TO DO: An exact retyping of all lines below is the answer; pictures do not belong in it.

INFORMATION SHOWN:
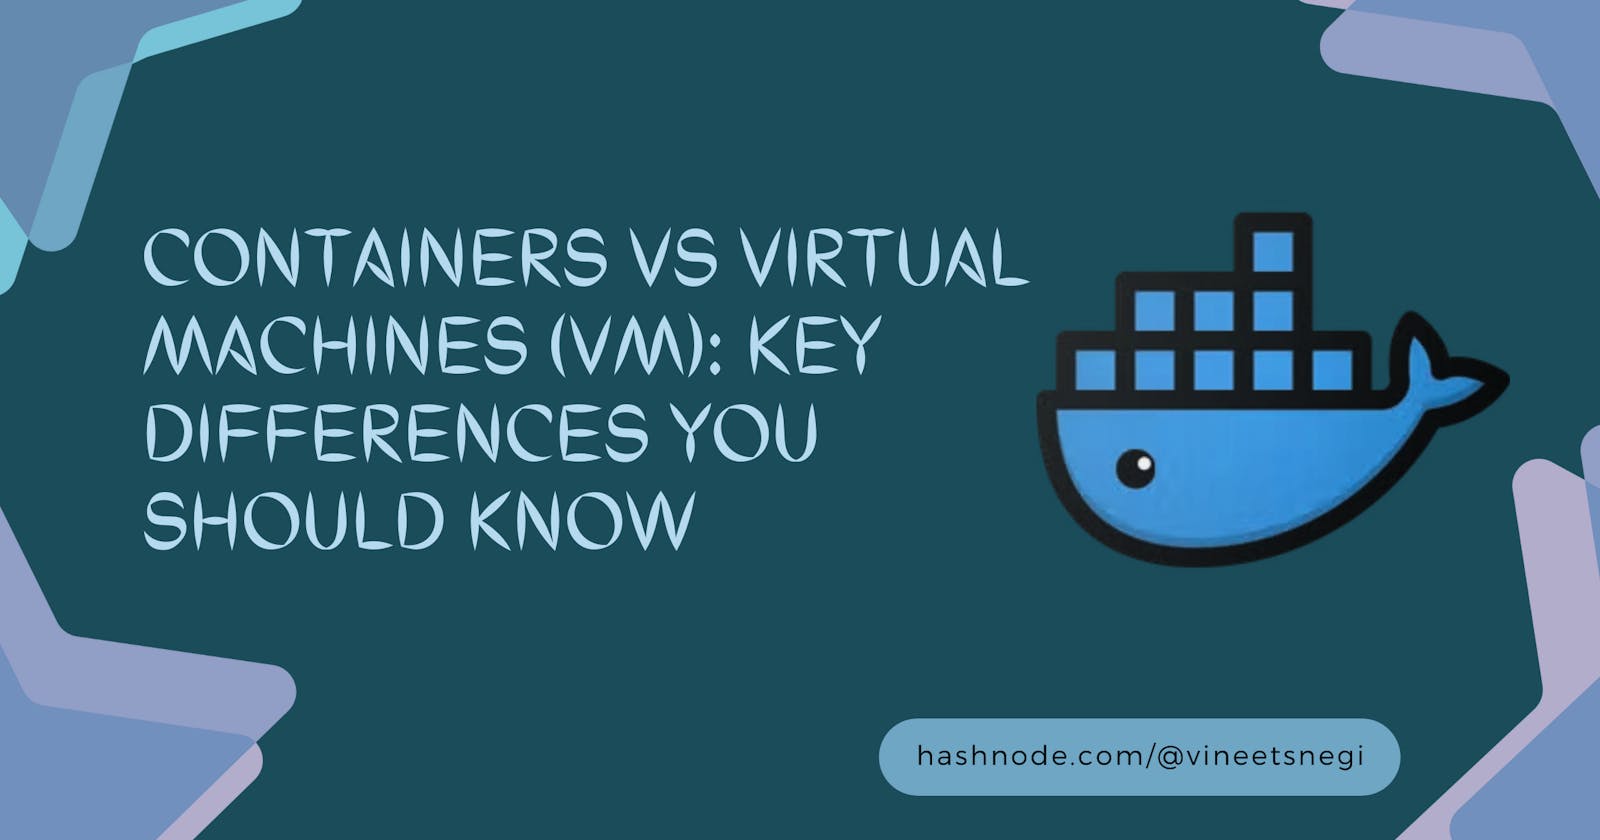 Containers vs Virtual Machines (VM): Key Differences You Should Know
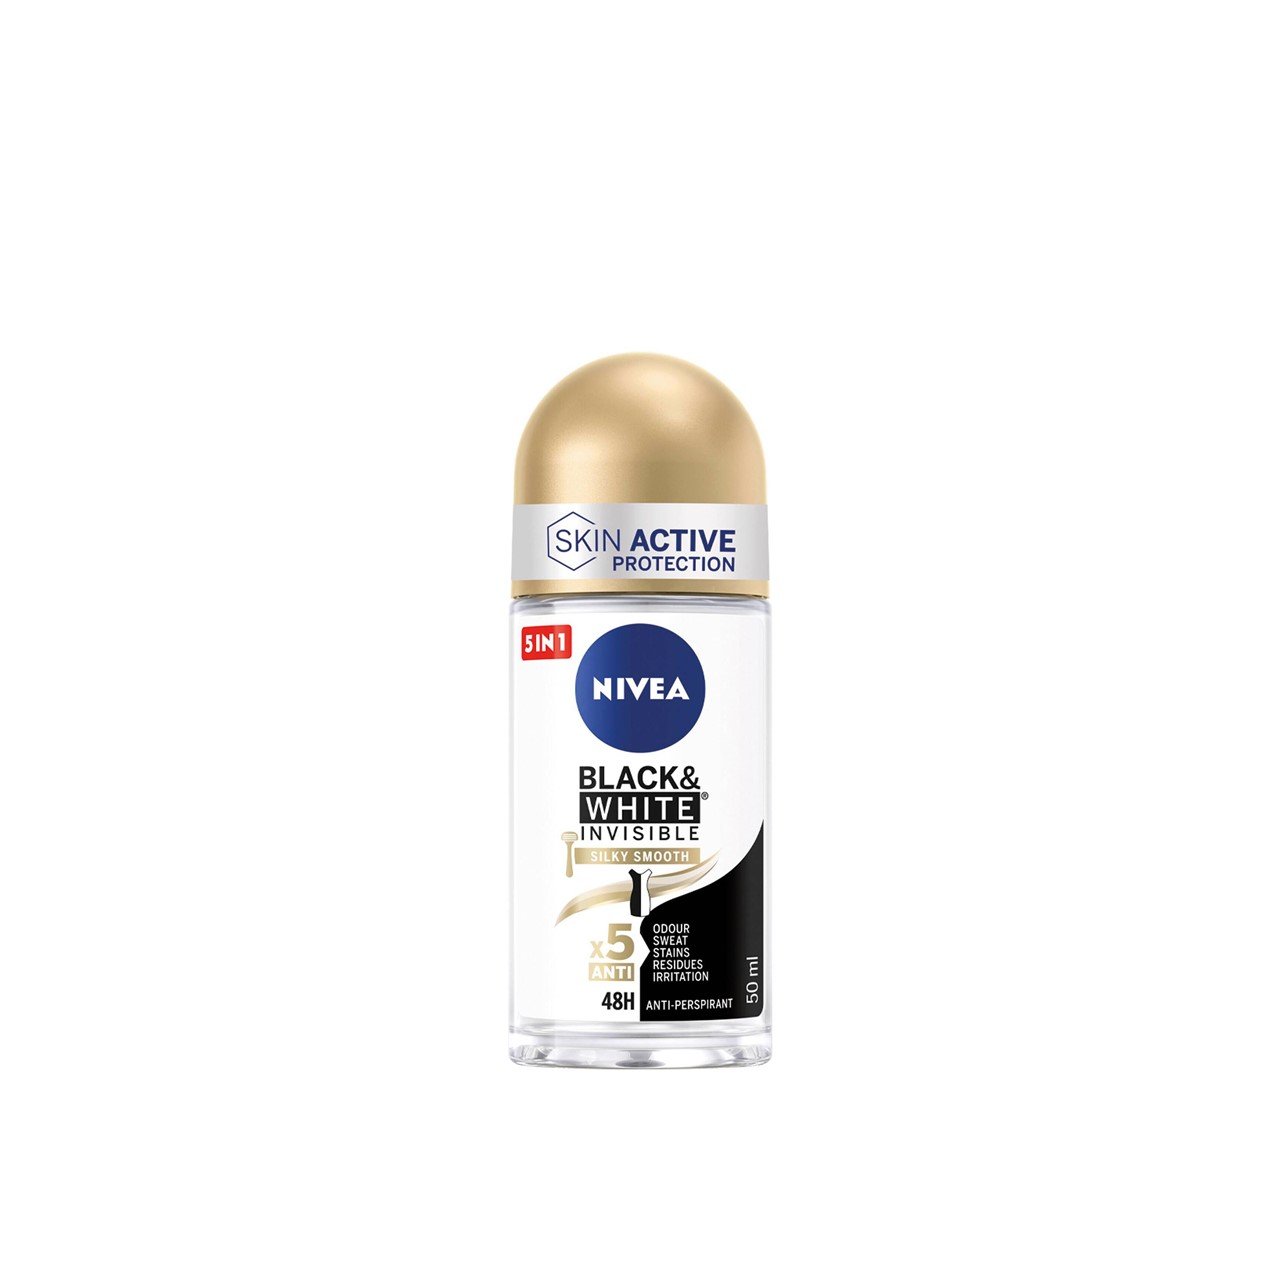 https://static.beautytocare.com/media/catalog/product/n/i/nivea-black-white-invisible-silky-smooth-roll-on-50ml.jpg
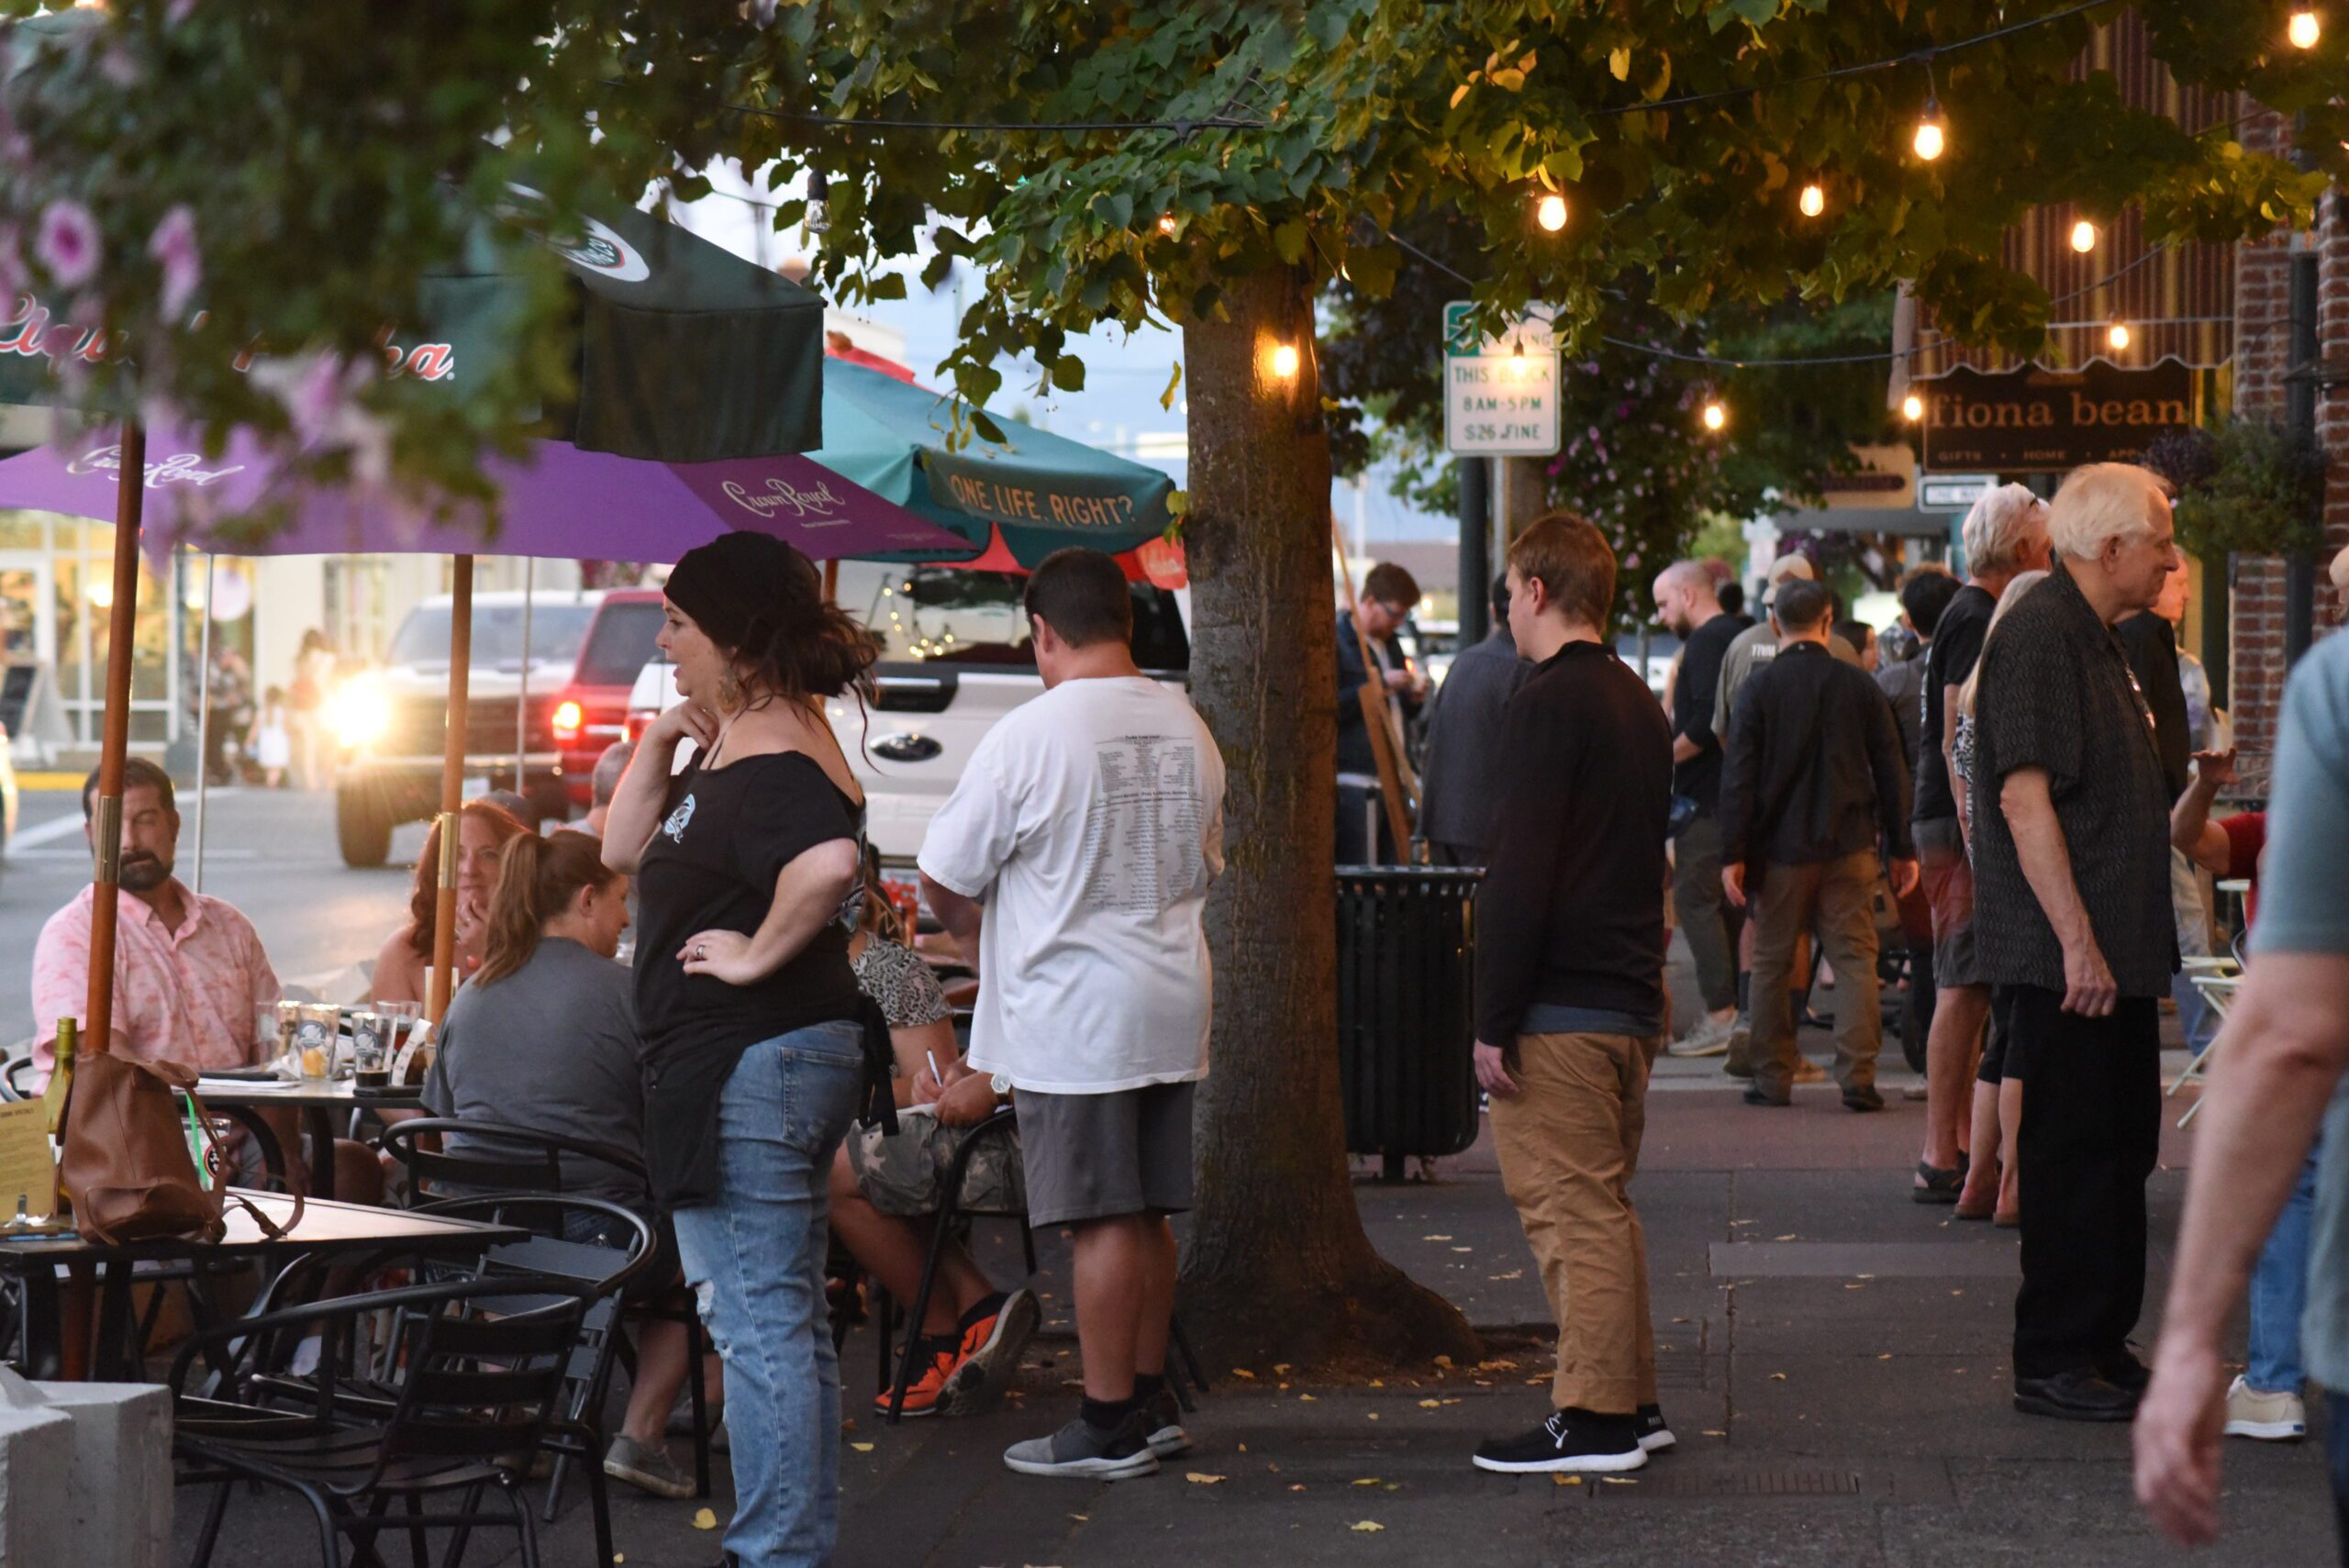 There is a busy street market, it appears to be dusk, but still light out, complimented by the glow of string lights. There is a crowded sidewalk with pedestrians and vendors in downtown Grants Pass.

SOLUTION TO THE EXERCISE:
 Containers vs Virtual Machines (VM): Key Differences You Should Know
 https://static.beautytocare.com/media/catalog/product/n/i/nivea-black-white-invisible-silky-smooth-roll-on-50ml.jpg
 There is a busy street market, it appears to be dusk, but still light out, complimented by the glow of string lights. There is a crowded sidewalk with pedestrians and vendors in downtown Grants Pass.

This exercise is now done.